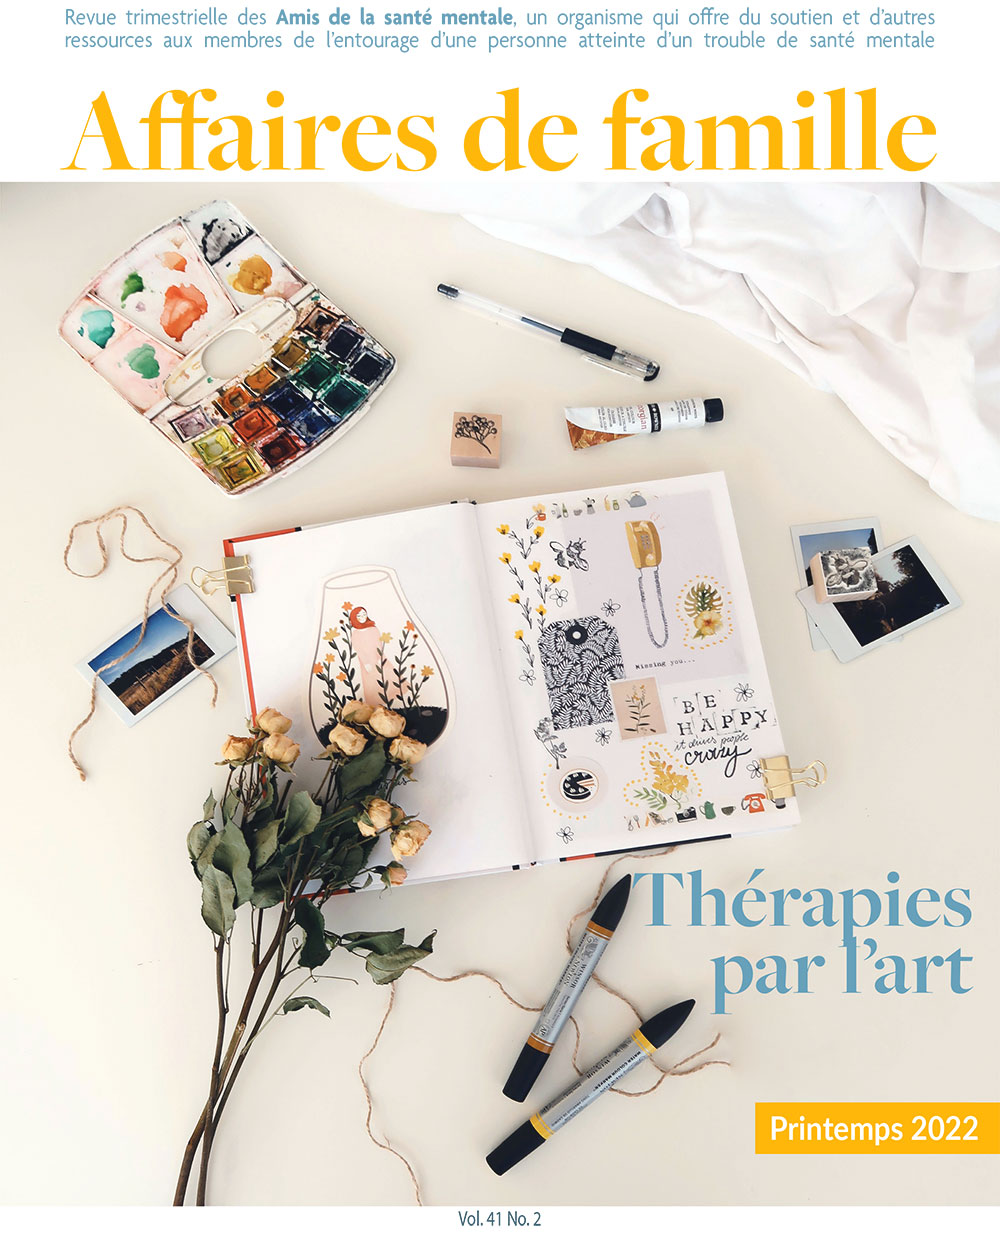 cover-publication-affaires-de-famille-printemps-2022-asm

...

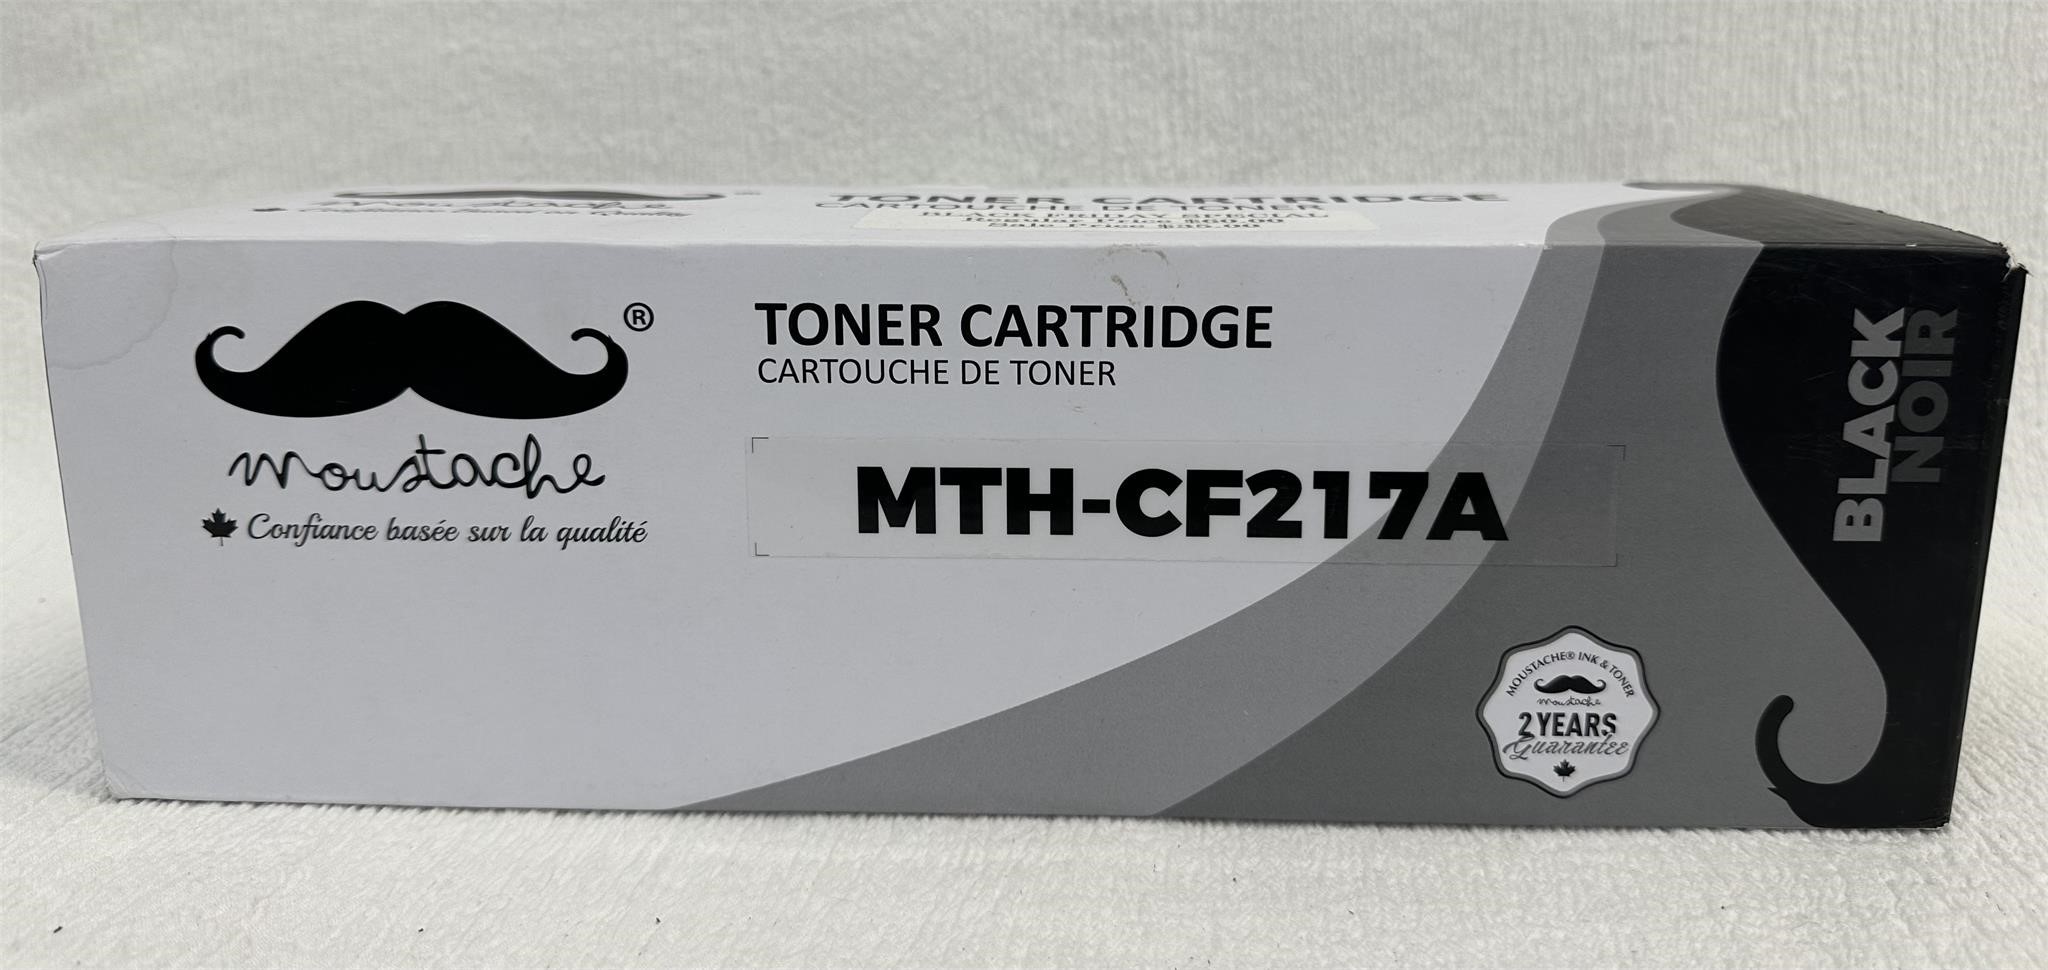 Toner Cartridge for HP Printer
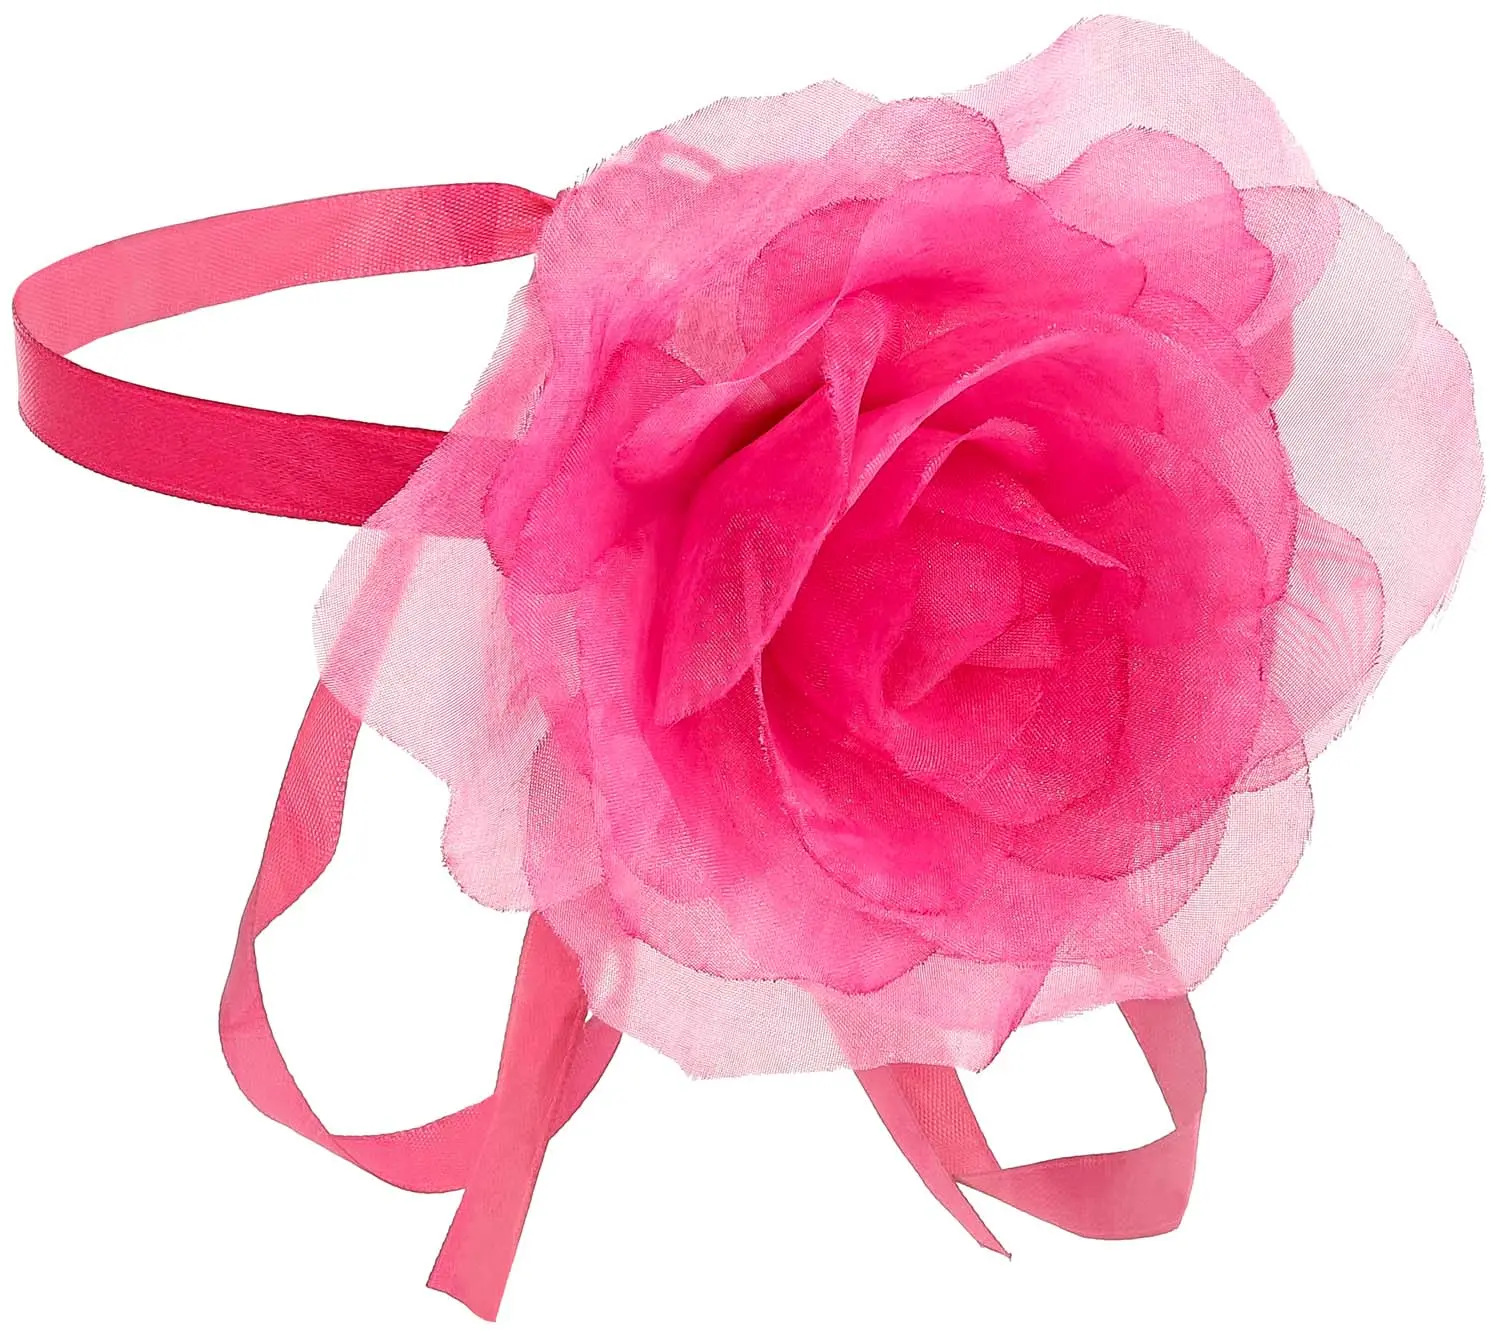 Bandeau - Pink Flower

* * *

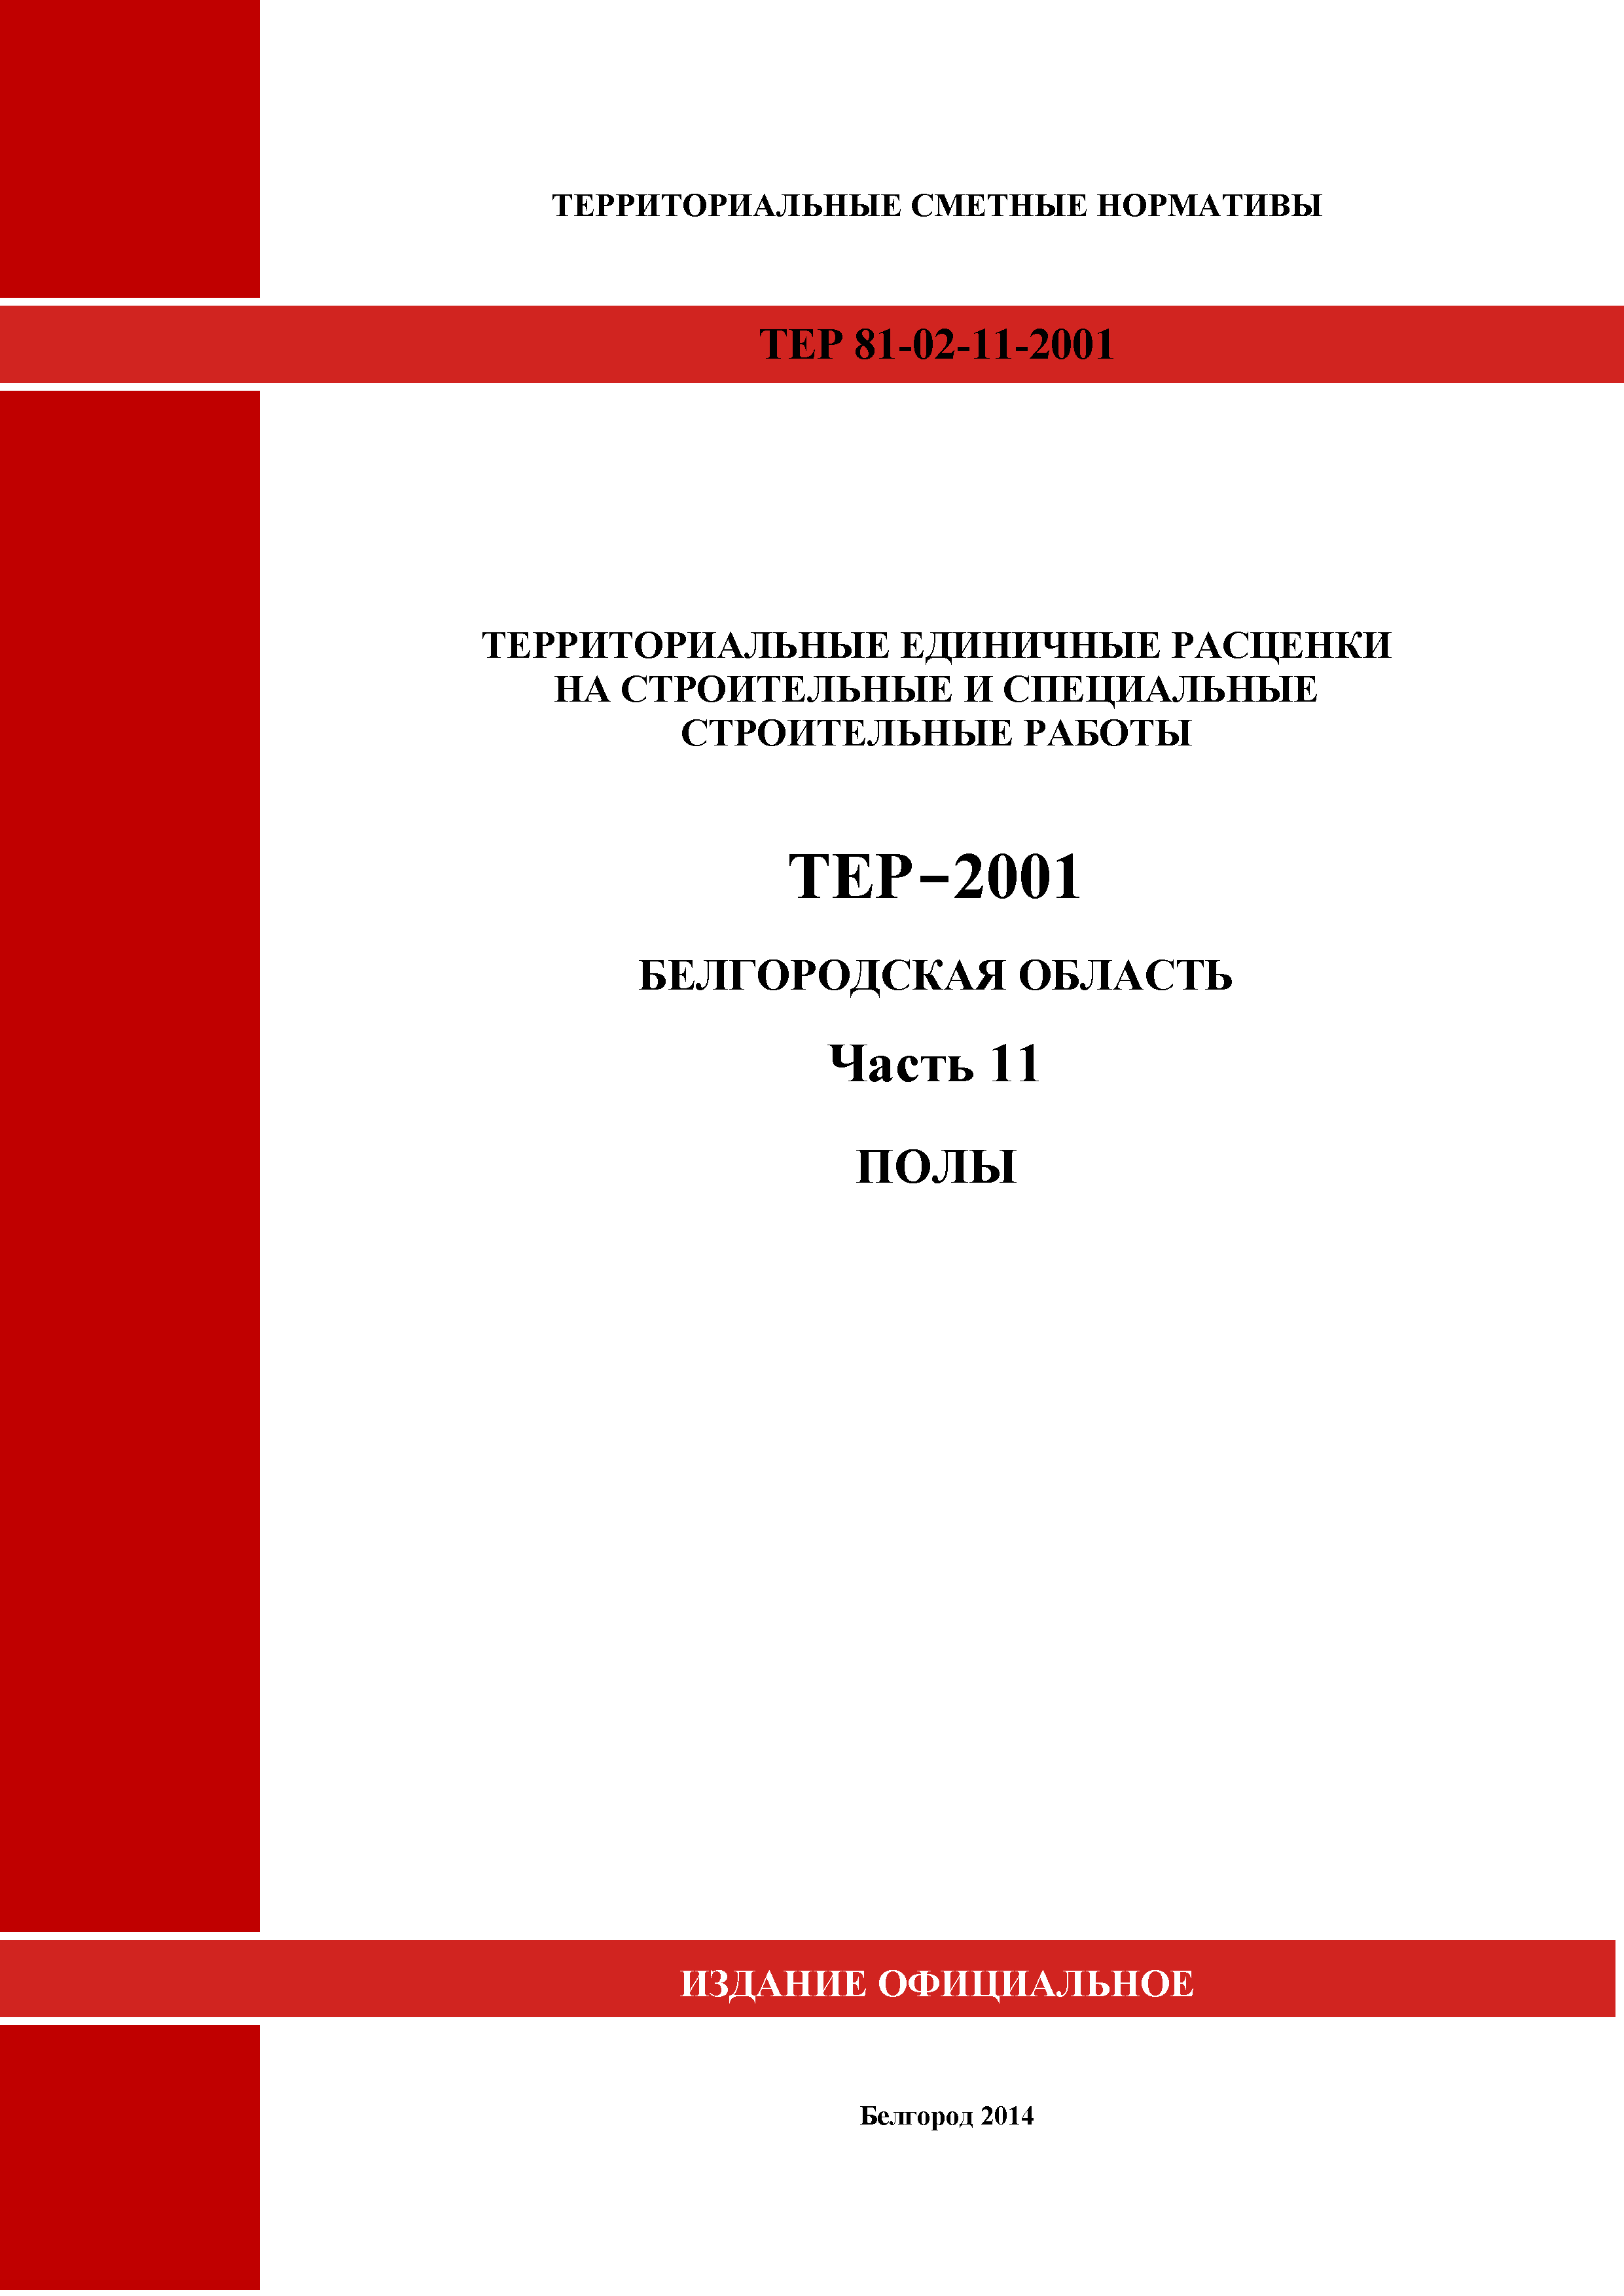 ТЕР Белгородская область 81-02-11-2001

Problem to work on – Given the records above, return the lines starting at the one that holds "Toner Cartridge for HP Printer" and ending at the one that holds "Bandeau - Pink Flower", exactly, and nothing besides; leave every picture out.

Output for this task –
 Toner Cartridge for HP Printer
 Bandeau - Pink Flower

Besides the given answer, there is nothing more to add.